The team could not have been more thrilled with the success of DeltaFS’ first real-world test run and are already looking ahead to the future.

“We're looking to get it into production and have the cosmologist who originally contacted us use it in his latest experiment,” says Amvrosiadis. “To me that's more of a success story than anything else. Often a lot of the work ends with just publishing a paper and then you're done; that’s just anticlimactic.”

But he and the rest of the team aren’t just looking to limit their efforts to cosmological simulations. They’re currently looking at ways to expand DeltaFS for use with everything from earthquake simulations to crystallography. With countries across the globe striving to create machines that can compute at the exascale, meaning 10¹⁸calculations per second, there’s a growing need to streamline these demanding processes wherever possible.

The trick to finding a one-size-fits-all (or at least most) replacement for the current purpose-built systems in use, is designing the file system to be flexible enough for scientists and researchers to tailor it to their own specific needs.

“What researchers end up doing is stitching a solution together that is customized to exactly what they need, which takes a lot of developer hours,” says Amvrosiadis. “As soon as something changes they have to sit back down to the drawing board and start from scratch and redesign all their code.”

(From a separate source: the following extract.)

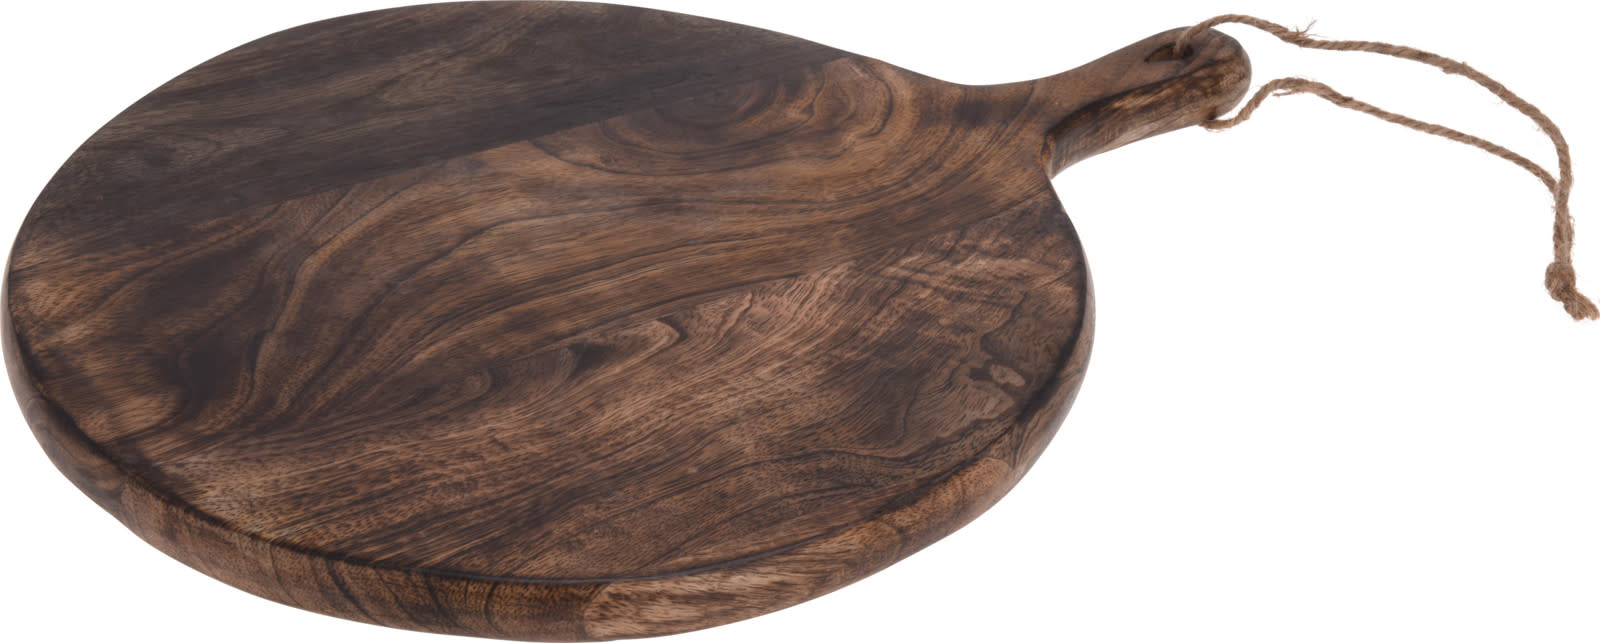 Oval Wood Plate Dark Brown 40cm
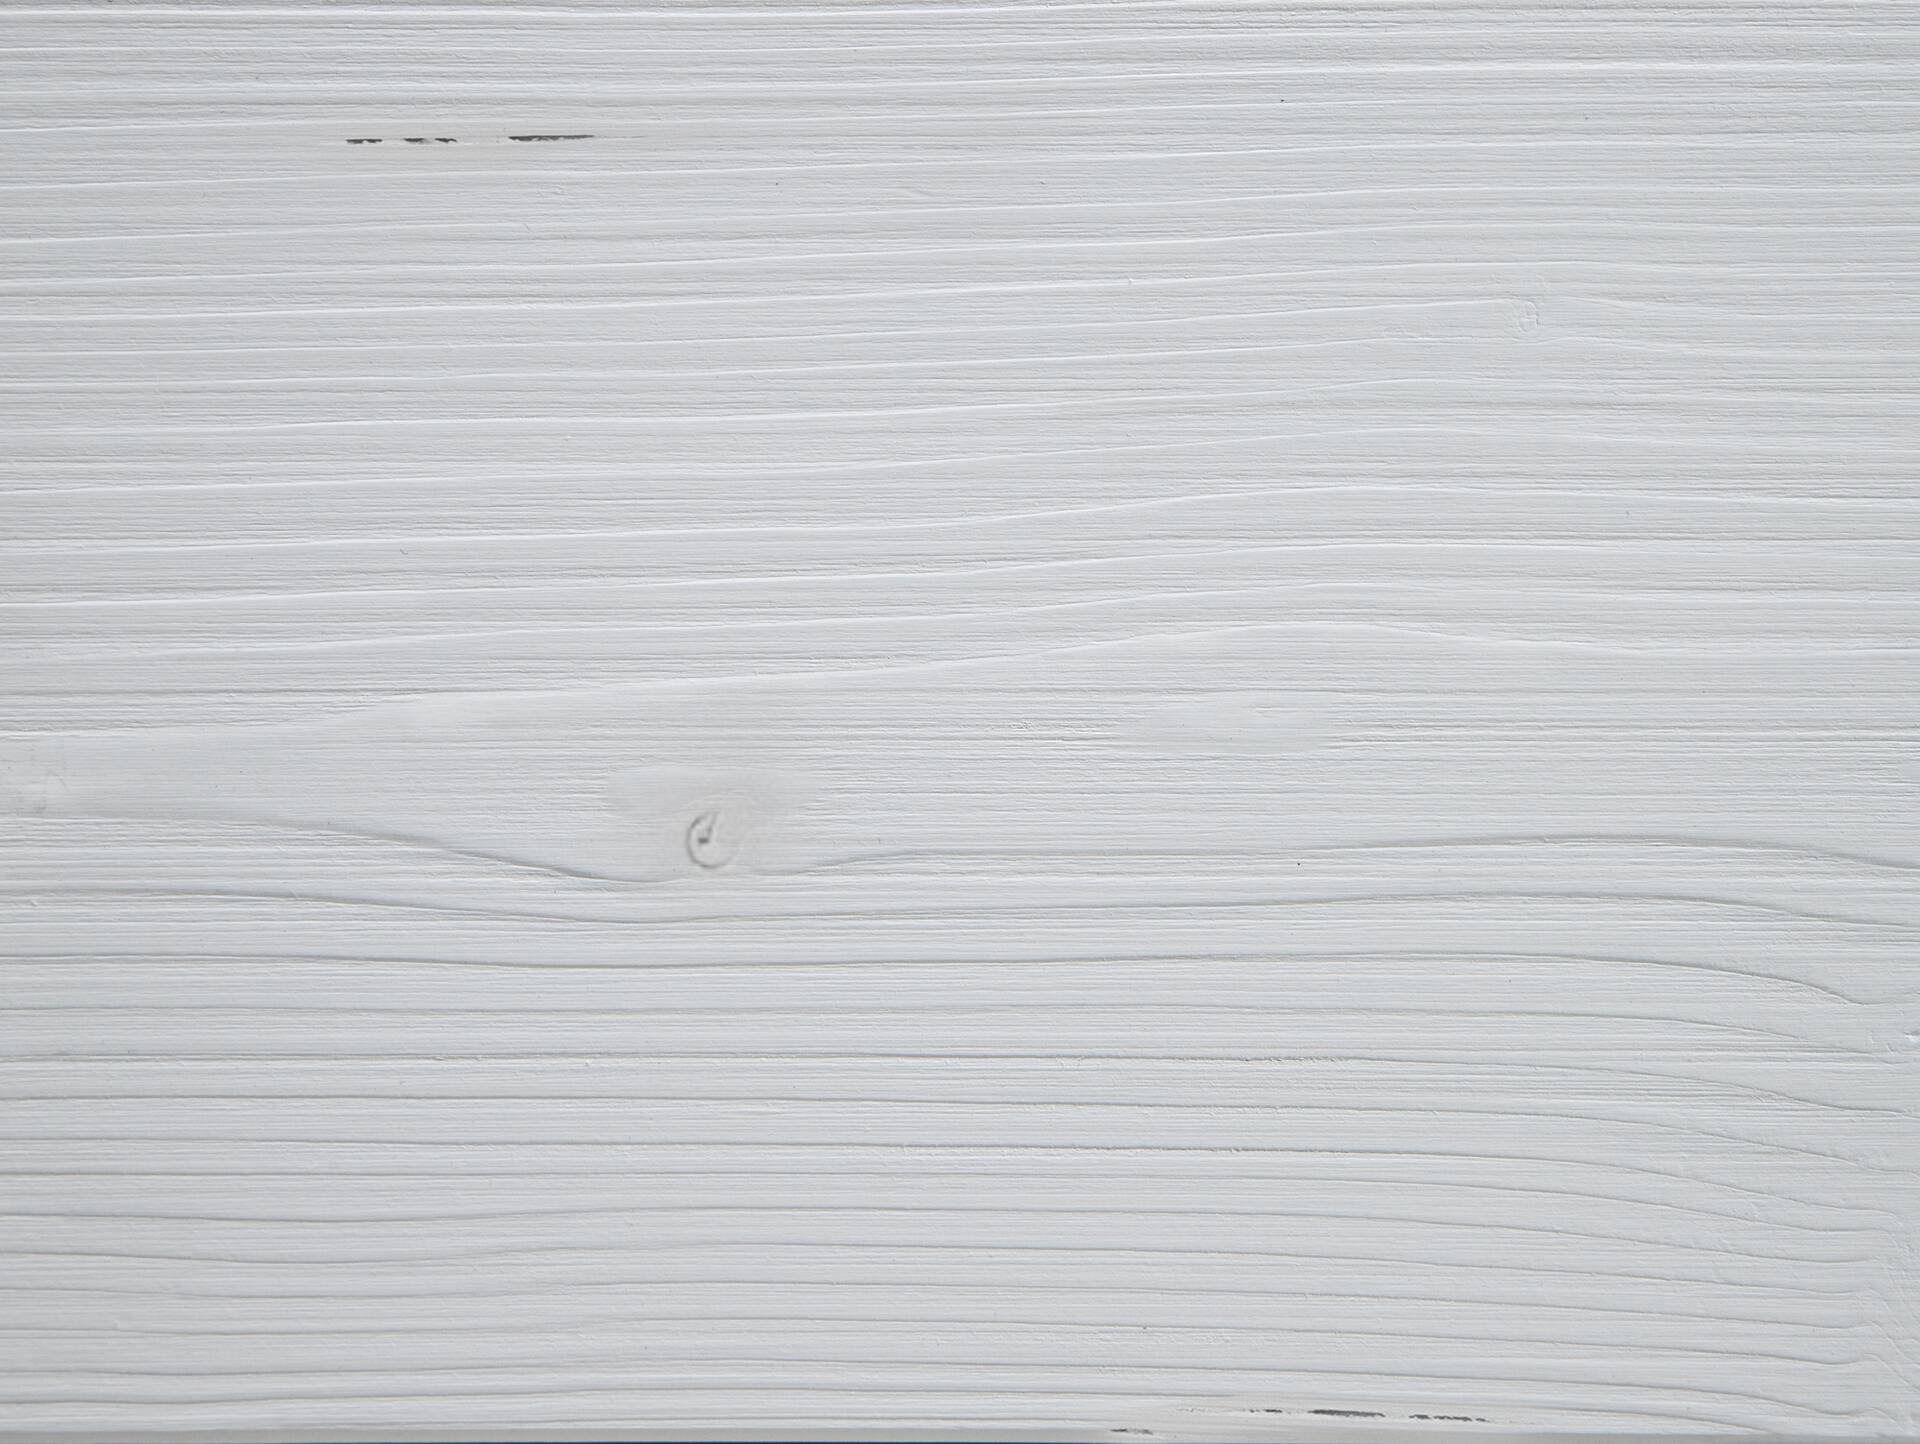 LUKY Kufenbett ohne Kopfteil, Material Massivholz, Fichte massiv, Kufen schwarz 200 x 220 cm | weiss

Amvrosiadis and the team have already demonstrated a couple of ways that efficiency can be improved, such as indexing or altering file size and quantity. Now they’re looking into further ways to take advantage of potential inefficiencies, like using in-process analysis to eliminate unneeded data before it ever reaches storage or compressing information in preparation for transfer to other labs.

Solutions like these center around repurposing CPU downtime to perform tasks that will contribute back into the information pipeline and creating smarter ways to organize and store data, increasing overall efficiency.

The idea is to let the expert scientists identify the areas where they have room for improvement or untapped resources, and to take advantage of the toolkit and versatile framework DeltaFS can provide.

As the world moves toward exascale computing, the pace that software development must maintain to keep pace with hardware improvements will only increase. Amvrosiadis even hopes that one day more advanced AI techniques could be incorporated to do much of the observational work performed by scientists, cutting down on observation time and freeing them to focus on analysis and study. But for him and the rest of the DeltaFS team, all of that starts with finding little solutions to improve huge processes.

“I don’t know if there’s one framework to rule them all yet—but that’s the goal.”

The DeltaFS project includes Professors George Amvrosiadis, Garth Gibson, and Greg Ganger, Systems Scientist Chuck Cranor, and Ph.D. student Qing Zheng. Also involved were Los Alamos National Lab’s Brad Settlemyer and Gary Grider.